Dagu exists to solve a problem familiar to anyone managing legacy infrastructure: hundreds of cron jobs with implicit dependencies, scattered across servers, with no visibility into what ran, what failed, or what depends on what. Instead of replacing your existing scripts with a framework-specific SDK, Dagu orchestrates whatever you already have — shell commands, Python scripts, Docker containers, SSH commands, HTTP calls — in declarative YAML files without requiring any code changes. The single Go binary ships with a web UI, scheduler, and execution engine all in one, consuming under 128MB of memory. File-based storage means no PostgreSQL, Redis, or message broker to manage.
Despite its lightweight footprint, Dagu packs production-grade features: 19+ executor types including Docker, SSH, postgres, and sqlite step types; DAG composition where workflows can nest sub-workflows with parameters; a distributed mode with coordinator/worker architecture and label-based task routing for GPU, region, or compliance requirements; exponential backoff retries with lifecycle hooks for success, failure, and exit events; RBAC for team environments; Prometheus metrics and OpenTelemetry tracing; and email notifications. The web UI provides live log tailing, execution history with full lineage, and drill-down into nested sub-workflows. Git-based version management tracks changes to DAG definitions.

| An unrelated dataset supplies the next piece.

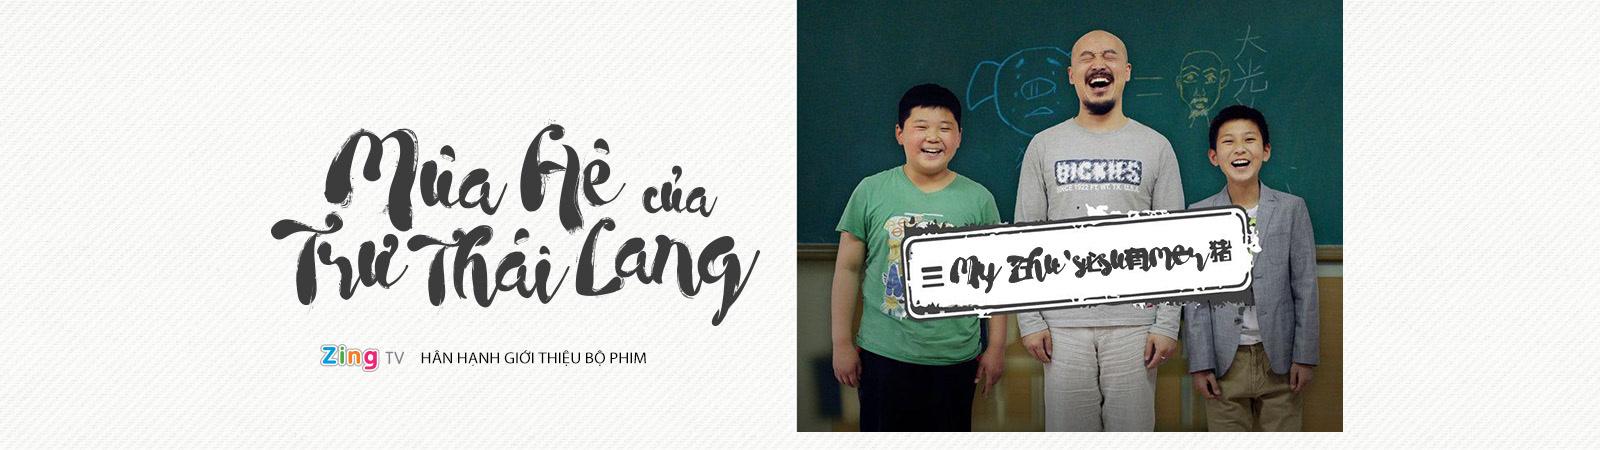 Mùa Hè Của Trư Thái Lang

A recent addition is the built-in AI agent that can create, edit, and debug workflows from natural language — either through the web UI or as a persistent Workflow Operator bot on Slack and Telegram. This lets teams ask the bot to check logs, retry failed steps, or scaffold new workflows in plain English. Dagu is installable via Homebrew, npm, Docker, Helm for Kubernetes, or the guided script installer that sets up Dagu as a background service. It runs on macOS, Linux, and Windows, and is fully air-gapped ready — no internet required after installation. The name comes from DAG (Directed Acyclic Graph) and the Mandarin word for big drum.